Design of Experiments: Improved Experimental Methods in Aerospace Testing

Aerospace researchers with considerable subject-matter expertise but little formal training in the design of experiments can improve their research quality and productivity through learning statistically based experiment design.  A formal approach to experiment design ensures empirical model adequacy, quantifies variability in predictions and identifies all possible independent variable interactions. Built in safeguards protect against influences of unwanted variability.  Examples are drawn from specific studies that illustrate resource savings, quality improvements, and enhanced insights from well-designed experiments.  The class structure features short lectures followed by in-class problem solving exercises using software. Students receive note sets containing all slides presented, exercises and solutions.  The class concludes with an in-class experiment.

Learning Objectives

  • Key advantages of Design of Experiments (DOE) over traditional experiment design methods
  • How to specify the proper volume of data to enhance the probability of success and understand the concepts of inferential risk
  • Full and fractional factorial designs to efficiently quantify main effects and interactions
  • Experimental tactics to minimize and quantify unexplained variance (uncertainty)
  • Introduction to Response Surface Methods
  • Experience with experiment design software (Design Expert) including in-class exercises and an experiment

Who Should Attend

This is a course in experimental methods that is applicable to multiple disciplines.

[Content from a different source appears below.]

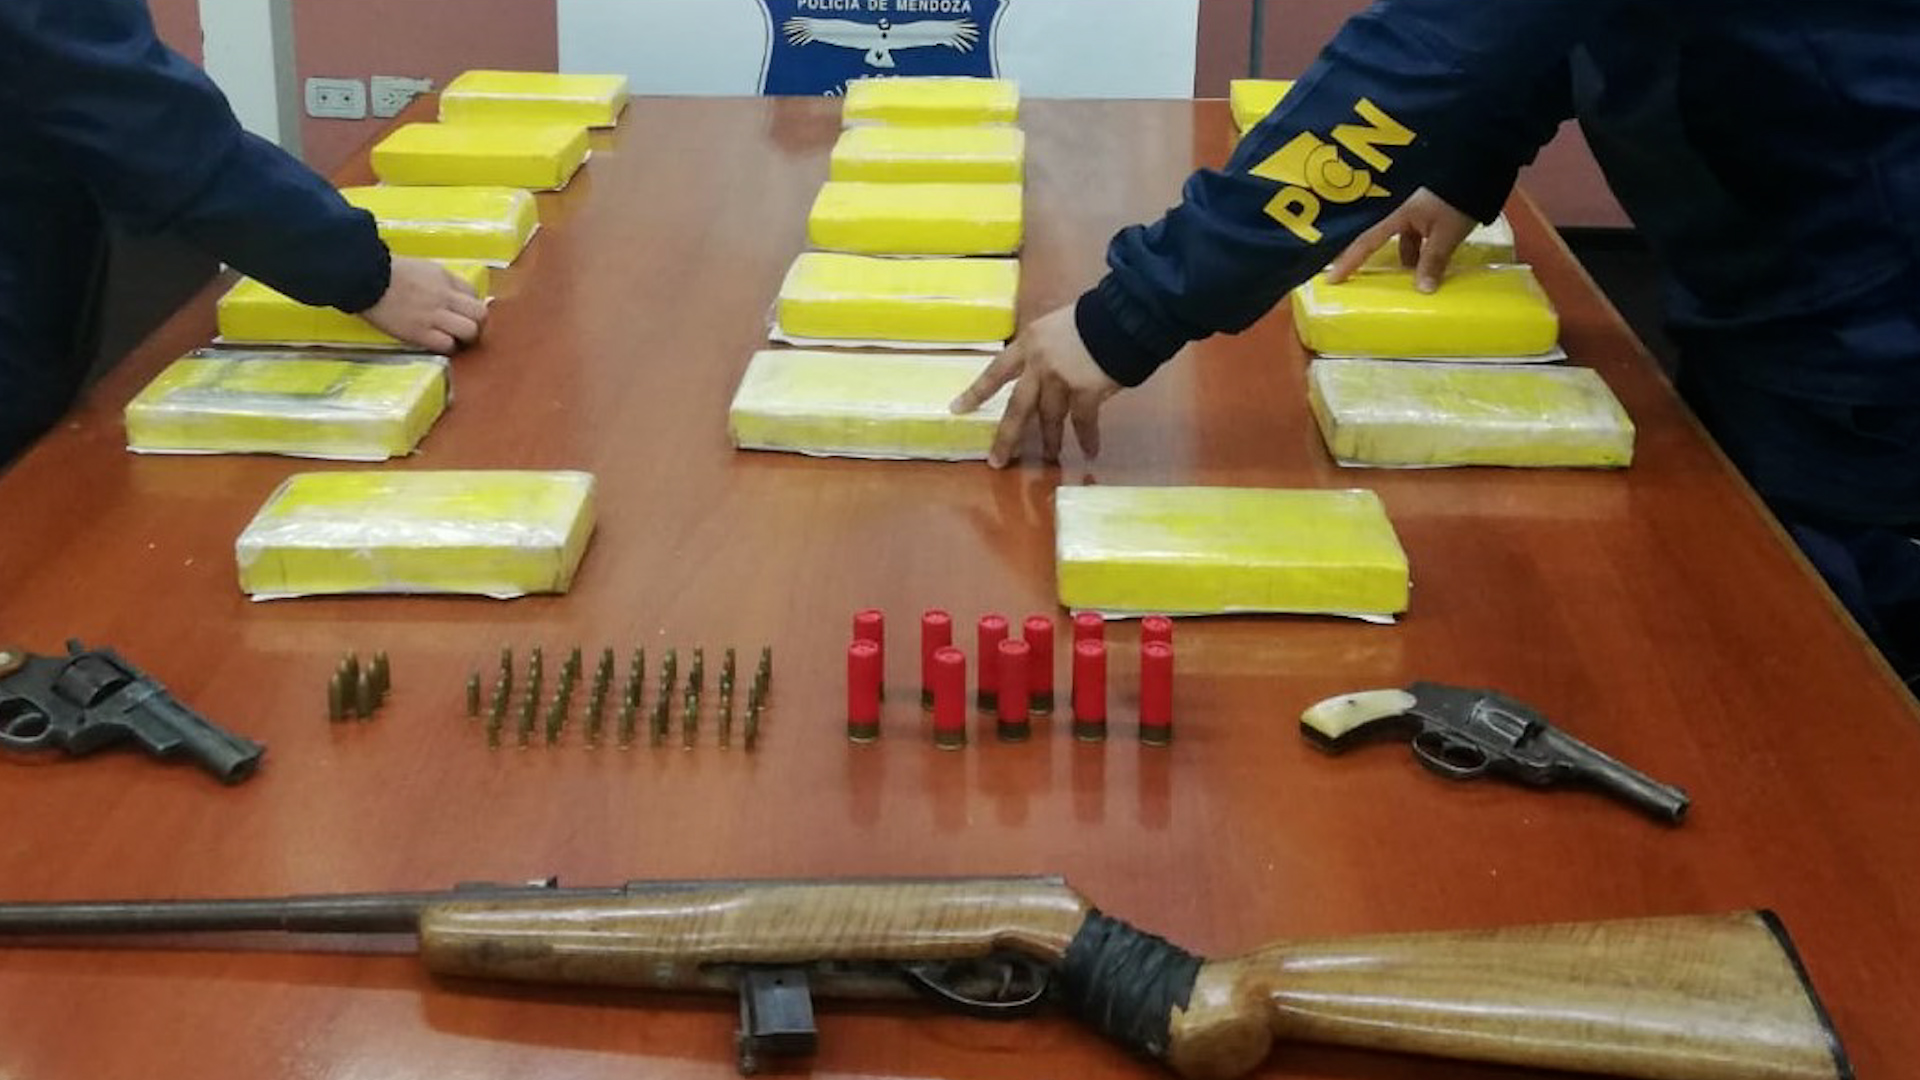 Detuvieron a tres personas con 18 kilos de cocaína en Mendoza: se hacían pasar por turistas y trabajaban para una banda

It is intended for scientists, engineers, and program, project, and line managers involved in the design and execution of experimental aerospace research, or in product/process improvement.   Undergraduate and graduate students in engineering and scientific disciplines would also benefit from exposure to the concepts presented in this course.

Course Requirements

Each student will be responsible for bringing their own laptop computer.   Software for the course is Design Expert which will be provided for training purposes.  The software operates in a Windows PC environment.


Please contact Jason Cole if you have any questions about courses and workshops at AIAA forums.

  • Introduction
    • Overview
    • History and need for improved experimental methods in Aerospace Testing 
  • Statistics
    • The t and F distributions
    • Confidence Intervals
    • Two-sample t-test
    • Power and Sample size
    • ANOVA
  • Introduction to Factorial designs
    • Main and Interaction effects
    • 2k design and analysis
    • Sequential assembly
    • Wind tunnel test example
    • Outline
  • 2k Design and Analysis Details
    • Center points and replication: pure error
    • Tests for curvature and model lack of fit
    • Regression models
  • Fractional factorial designs
    • Aliasing and design resolution
    • Foldovers
    • Wind tunnel balance calibration case study
  • Response surface methods
    • Central Composite Designs
    • Regression and use of ANOVA
    • Wind tunnel case study
    • In-class experiment
  • Introductions to restricted randomization
    • Balance calibration with temperature case study
    • Mars parachute wind tunnel test case study

Dr. Drew Landman, an AIAA Associate Fellow, is professor of Aerospace Engineering at Old Dominion University where he has developed graduate courses in DOE and RSM. He served as Chief Engineer at the Langley Full-Scale Tunnel where he developed DOE based wind tunnel test programs and force measurement system calibrations.